Rogério Batalha faz parte do Coletivo Terra Vermelha e foi assessor jurídico do Conselho Indigenista Missionário (Cimi) por cerca de 10 anos. Atualmente é doutorando em Educação pela Universidade de São Paulo/USP, campus Butantã, cujo tema pesquisado versa sobre a função social das escolas indígenas dos Guarani Kaiowá no MS. Ele se fazia presente na “casa do povo” acompanhando cerca de 200 pessoas que protestavam contra a instauração da CPI contra o CIMI, ao mesmo tempo em que pediam a CPI do genocídio.

Da mesma forma, a RENAP coloca-se solidária ao advogado Luiz Henrique Eloy Amado, doutorando em Antropologia Social pelo Museu Nacional da Universidade Federal do Rio de Janeiro (UFRJ), que foi representado junto à Ordem dos Advogados do Brasil/OAB, Secção-MS, por cumprir o seu mister de defesa do ordenamento jurídico e de seus assessorados. Luiz Henrique é do povo Terena, portanto, na contramão dos interesses dos ruralistas e do agronegócio, se tornou um dos poucos advogados indígenas, e que nos últimos anos tem se dedicado a fazer a defesa de seu povo, bem como dos Guarani, Kaiowá, Kadiwéu e Kinikinau, atuando nas instâncias do Poder Judiciário como legítimo conhecedor da causa.

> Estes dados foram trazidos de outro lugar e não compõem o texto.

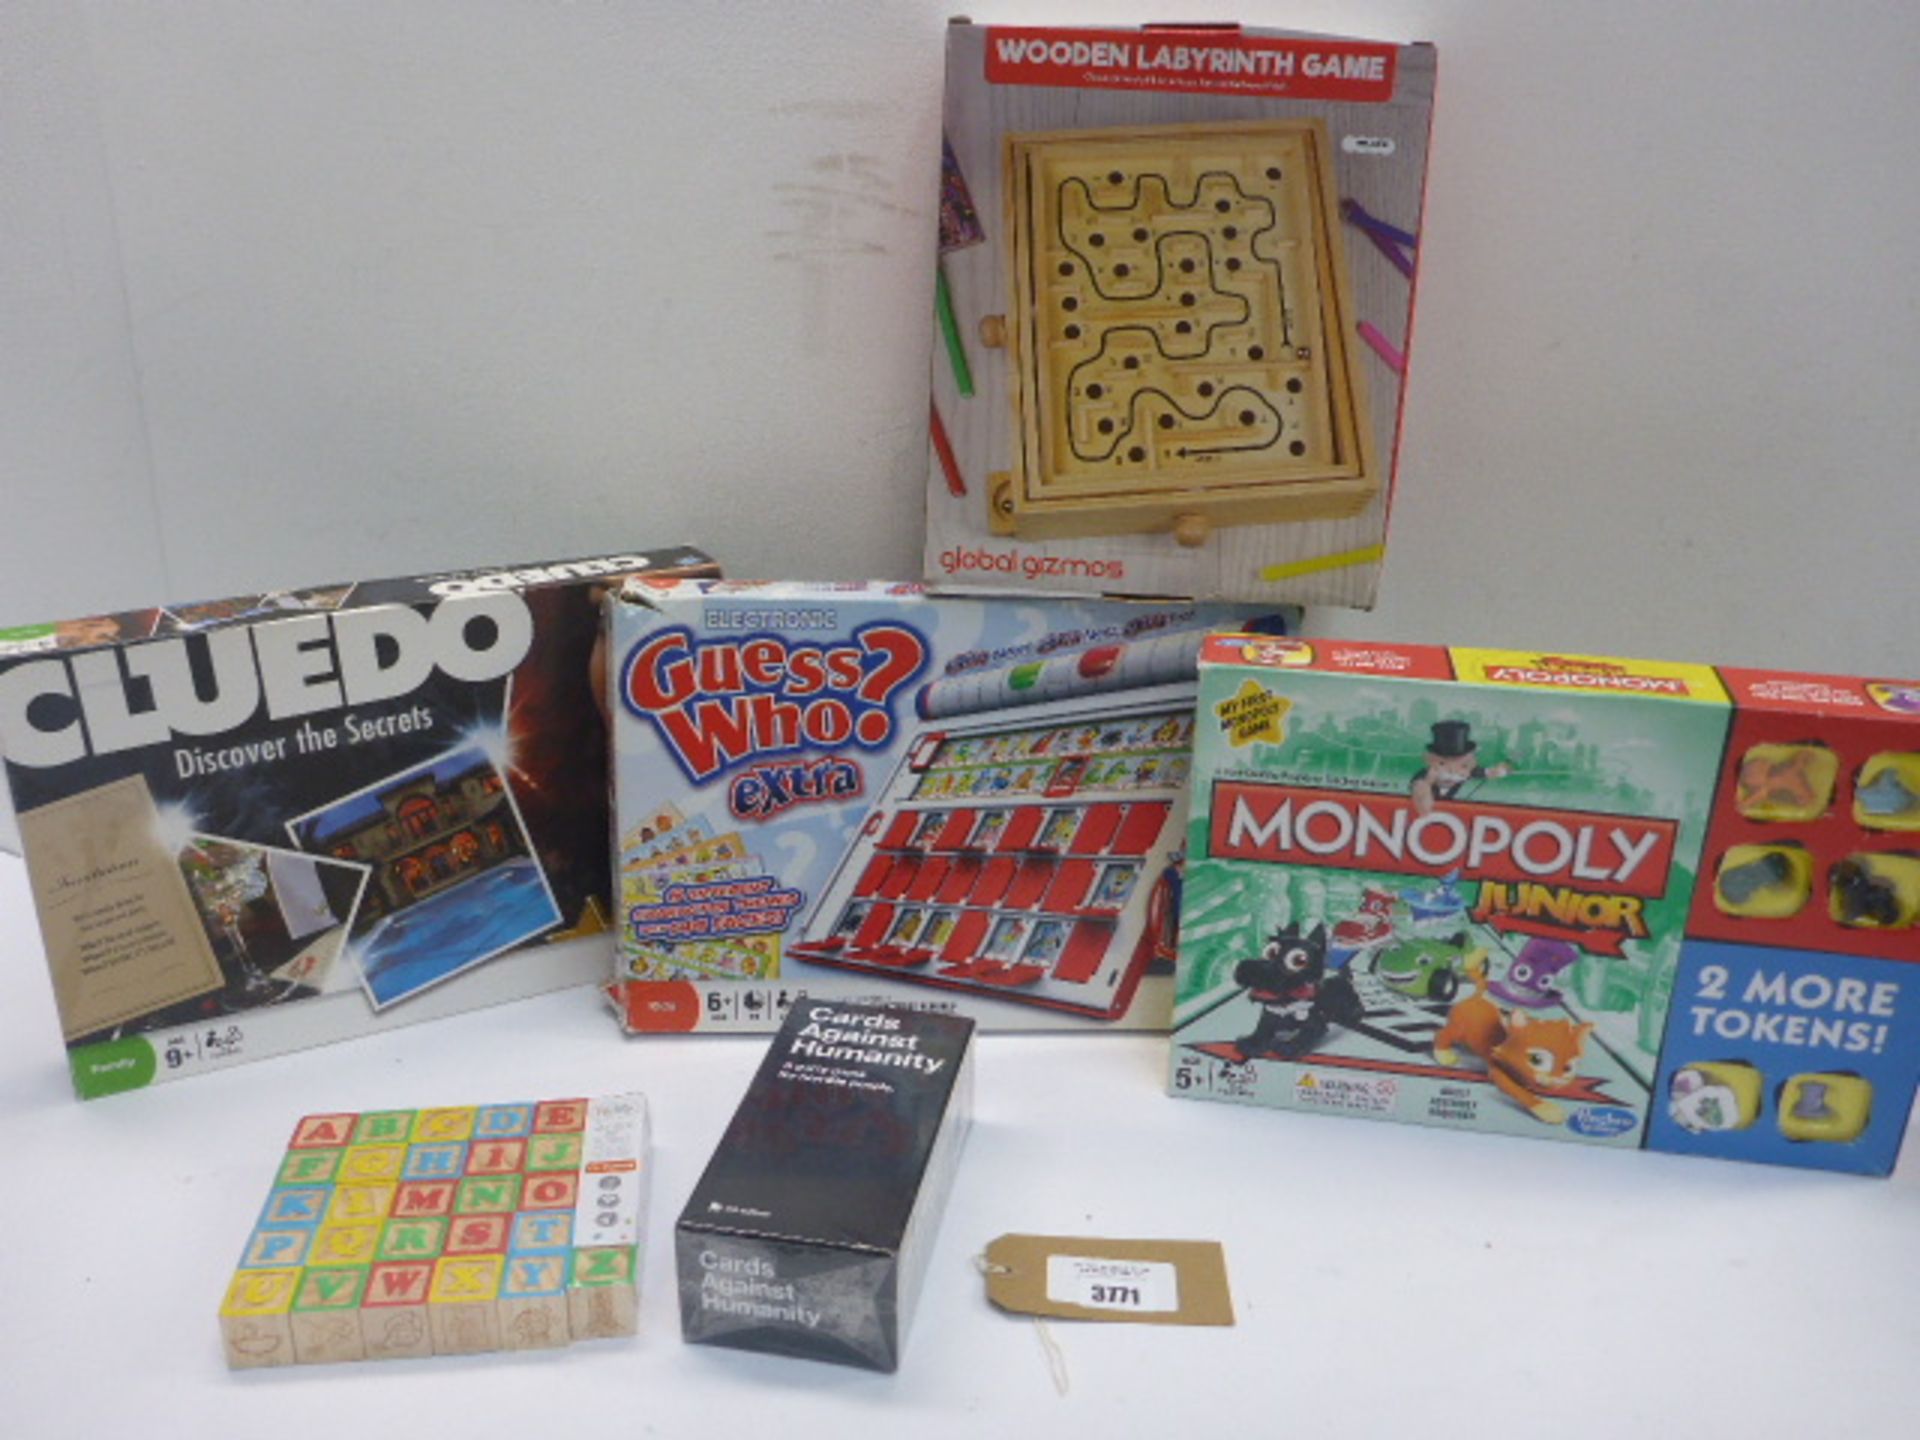 Cludo, Guess Who?, Monopoly Junior, Labyrinth game, Cards Against Humanity and Wooden blocks

Por conta de sua atuação, tem sofrido assédios judiciais reiterados com pedidos de cassação de seu registro na OAB-MS (dois pedidos em um ano), feitos pela Federação de Agricultura e Pecuária do MS (Famasul) e pela Associação dos Criadores do Mato Grosso do Sul (Acrissul), sob o argumento de atentar contra o Código de Ética da advocacia, como se fosse crime defender os direitos de seu Povo. Diante das tentativas fracassadas de cassação de sua OAB, as organizações ruralistas trocaram três vezes de escritório de advocacia.
A perseguição começou logo após Luiz Henrique ter impetrado mandado de segurança contra a realização do “leilão da resistência”, organizado pela Famasul e Acrissul com o objetivo de arrecadar recursos para contratar milícias armadas. Como se não bastasse, Luiz Henrique enfrentou uma ação judicial impetrada pelos ruralistas para suspender sua banca de mestrado, pois a mesma aconteceria numa aldeia Terena. Mas para a decepção dos autores, a Justiça Federal entendeu que o fato não constituía crime e que a universidade é dotada de autonomia científica. Diante de mais uma tentativa infrutífera de criminalização, Luiz Henrique foi representando pela segunda vez pela Comissão do Agronegócio da OAB-MS com o objetivo de intimidá-lo e fazê-lo recuar.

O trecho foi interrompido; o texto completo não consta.